Start of Records for the exercise

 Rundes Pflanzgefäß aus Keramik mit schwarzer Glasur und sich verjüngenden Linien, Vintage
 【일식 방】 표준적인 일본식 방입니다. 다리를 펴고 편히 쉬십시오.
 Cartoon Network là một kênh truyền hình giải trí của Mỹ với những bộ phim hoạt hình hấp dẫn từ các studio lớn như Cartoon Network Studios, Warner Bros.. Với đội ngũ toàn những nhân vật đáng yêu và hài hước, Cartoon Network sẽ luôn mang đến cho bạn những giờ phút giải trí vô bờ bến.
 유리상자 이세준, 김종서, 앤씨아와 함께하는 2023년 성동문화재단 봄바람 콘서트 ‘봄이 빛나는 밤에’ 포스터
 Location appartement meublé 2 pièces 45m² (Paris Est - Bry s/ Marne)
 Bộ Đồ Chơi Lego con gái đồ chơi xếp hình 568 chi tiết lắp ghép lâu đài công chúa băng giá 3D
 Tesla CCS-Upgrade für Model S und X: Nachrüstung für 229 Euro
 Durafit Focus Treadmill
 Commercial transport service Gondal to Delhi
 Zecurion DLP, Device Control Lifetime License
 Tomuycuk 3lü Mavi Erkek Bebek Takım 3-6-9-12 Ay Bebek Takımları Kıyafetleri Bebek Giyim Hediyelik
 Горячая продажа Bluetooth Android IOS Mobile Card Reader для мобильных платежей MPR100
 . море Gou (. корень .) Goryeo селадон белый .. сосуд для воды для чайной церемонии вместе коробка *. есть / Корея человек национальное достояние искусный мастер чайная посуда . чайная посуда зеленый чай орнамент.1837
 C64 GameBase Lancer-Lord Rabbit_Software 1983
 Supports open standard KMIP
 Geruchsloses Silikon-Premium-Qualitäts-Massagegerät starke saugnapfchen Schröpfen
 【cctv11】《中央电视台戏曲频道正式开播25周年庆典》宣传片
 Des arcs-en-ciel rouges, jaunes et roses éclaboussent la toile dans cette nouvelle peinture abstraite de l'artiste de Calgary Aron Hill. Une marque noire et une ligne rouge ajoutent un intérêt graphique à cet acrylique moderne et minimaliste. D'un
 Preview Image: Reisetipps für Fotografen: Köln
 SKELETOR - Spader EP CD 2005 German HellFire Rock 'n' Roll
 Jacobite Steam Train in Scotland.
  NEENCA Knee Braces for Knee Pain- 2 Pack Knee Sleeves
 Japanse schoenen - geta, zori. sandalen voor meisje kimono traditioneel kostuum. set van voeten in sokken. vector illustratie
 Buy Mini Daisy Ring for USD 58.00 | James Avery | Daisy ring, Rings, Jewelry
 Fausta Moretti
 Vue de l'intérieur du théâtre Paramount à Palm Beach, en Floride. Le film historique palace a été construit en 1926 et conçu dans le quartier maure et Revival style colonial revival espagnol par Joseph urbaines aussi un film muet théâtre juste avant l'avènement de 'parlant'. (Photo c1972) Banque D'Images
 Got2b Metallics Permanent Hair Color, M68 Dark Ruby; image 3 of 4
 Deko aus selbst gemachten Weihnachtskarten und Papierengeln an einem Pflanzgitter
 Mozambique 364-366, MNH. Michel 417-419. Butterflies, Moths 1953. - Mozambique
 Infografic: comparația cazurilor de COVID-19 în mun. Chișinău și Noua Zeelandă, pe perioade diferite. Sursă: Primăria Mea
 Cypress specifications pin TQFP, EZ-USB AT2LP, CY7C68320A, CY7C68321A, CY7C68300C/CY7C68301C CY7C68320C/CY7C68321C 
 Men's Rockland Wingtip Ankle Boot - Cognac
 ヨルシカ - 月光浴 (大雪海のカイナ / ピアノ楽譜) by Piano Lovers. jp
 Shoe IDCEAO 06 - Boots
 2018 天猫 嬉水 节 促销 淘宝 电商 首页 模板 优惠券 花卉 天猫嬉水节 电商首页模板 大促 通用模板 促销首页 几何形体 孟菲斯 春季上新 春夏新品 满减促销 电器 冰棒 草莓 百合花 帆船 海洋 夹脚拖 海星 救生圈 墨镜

End of Records for the exercise

Task details ▸ Retype the data. Every line must match the original exactly.

Exercise solution ▸
 Rundes Pflanzgefäß aus Keramik mit schwarzer Glasur und sich verjüngenden Linien, Vintage
 【일식 방】 표준적인 일본식 방입니다. 다리를 펴고 편히 쉬십시오.
 Cartoon Network là một kênh truyền hình giải trí của Mỹ với những bộ phim hoạt hình hấp dẫn từ các studio lớn như Cartoon Network Studios, Warner Bros.. Với đội ngũ toàn những nhân vật đáng yêu và hài hước, Cartoon Network sẽ luôn mang đến cho bạn những giờ phút giải trí vô bờ bến.
 유리상자 이세준, 김종서, 앤씨아와 함께하는 2023년 성동문화재단 봄바람 콘서트 ‘봄이 빛나는 밤에’ 포스터
 Location appartement meublé 2 pièces 45m² (Paris Est - Bry s/ Marne)
 Bộ Đồ Chơi Lego con gái đồ chơi xếp hình 568 chi tiết lắp ghép lâu đài công chúa băng giá 3D
 Tesla CCS-Upgrade für Model S und X: Nachrüstung für 229 Euro
 Durafit Focus Treadmill
 Commercial transport service Gondal to Delhi
 Zecurion DLP, Device Control Lifetime License
 Tomuycuk 3lü Mavi Erkek Bebek Takım 3-6-9-12 Ay Bebek Takımları Kıyafetleri Bebek Giyim Hediyelik
 Горячая продажа Bluetooth Android IOS Mobile Card Reader для мобильных платежей MPR100
 . море Gou (. корень .) Goryeo селадон белый .. сосуд для воды для чайной церемонии вместе коробка *. есть / Корея человек национальное достояние искусный мастер чайная посуда . чайная посуда зеленый чай орнамент.1837
 C64 GameBase Lancer-Lord Rabbit_Software 1983
 Supports open standard KMIP
 Geruchsloses Silikon-Premium-Qualitäts-Massagegerät starke saugnapfchen Schröpfen
 【cctv11】《中央电视台戏曲频道正式开播25周年庆典》宣传片
 Des arcs-en-ciel rouges, jaunes et roses éclaboussent la toile dans cette nouvelle peinture abstraite de l'artiste de Calgary Aron Hill. Une marque noire et une ligne rouge ajoutent un intérêt graphique à cet acrylique moderne et minimaliste. D'un
 Preview Image: Reisetipps für Fotografen: Köln
 SKELETOR - Spader EP CD 2005 German HellFire Rock 'n' Roll
 Jacobite Steam Train in Scotland.
  NEENCA Knee Braces for Knee Pain- 2 Pack Knee Sleeves
 Japanse schoenen - geta, zori. sandalen voor meisje kimono traditioneel kostuum. set van voeten in sokken. vector illustratie
 Buy Mini Daisy Ring for USD 58.00 | James Avery | Daisy ring, Rings, Jewelry
 Fausta Moretti
 Vue de l'intérieur du théâtre Paramount à Palm Beach, en Floride. Le film historique palace a été construit en 1926 et conçu dans le quartier maure et Revival style colonial revival espagnol par Joseph urbaines aussi un film muet théâtre juste avant l'avènement de 'parlant'. (Photo c1972) Banque D'Images
 Got2b Metallics Permanent Hair Color, M68 Dark Ruby; image 3 of 4
 Deko aus selbst gemachten Weihnachtskarten und Papierengeln an einem Pflanzgitter
 Mozambique 364-366, MNH. Michel 417-419. Butterflies, Moths 1953. - Mozambique
 Infografic: comparația cazurilor de COVID-19 în mun. Chișinău și Noua Zeelandă, pe perioade diferite. Sursă: Primăria Mea
 Cypress specifications pin TQFP, EZ-USB AT2LP, CY7C68320A, CY7C68321A, CY7C68300C/CY7C68301C CY7C68320C/CY7C68321C 
 Men's Rockland Wingtip Ankle Boot - Cognac
 ヨルシカ - 月光浴 (大雪海のカイナ / ピアノ楽譜) by Piano Lovers. jp
 Shoe IDCEAO 06 - Boots
 2018 天猫 嬉水 节 促销 淘宝 电商 首页 模板 优惠券 花卉 天猫嬉水节 电商首页模板 大促 通用模板 促销首页 几何形体 孟菲斯 春季上新 春夏新品 满减促销 电器 冰棒 草莓 百合花 帆船 海洋 夹脚拖 海星 救生圈 墨镜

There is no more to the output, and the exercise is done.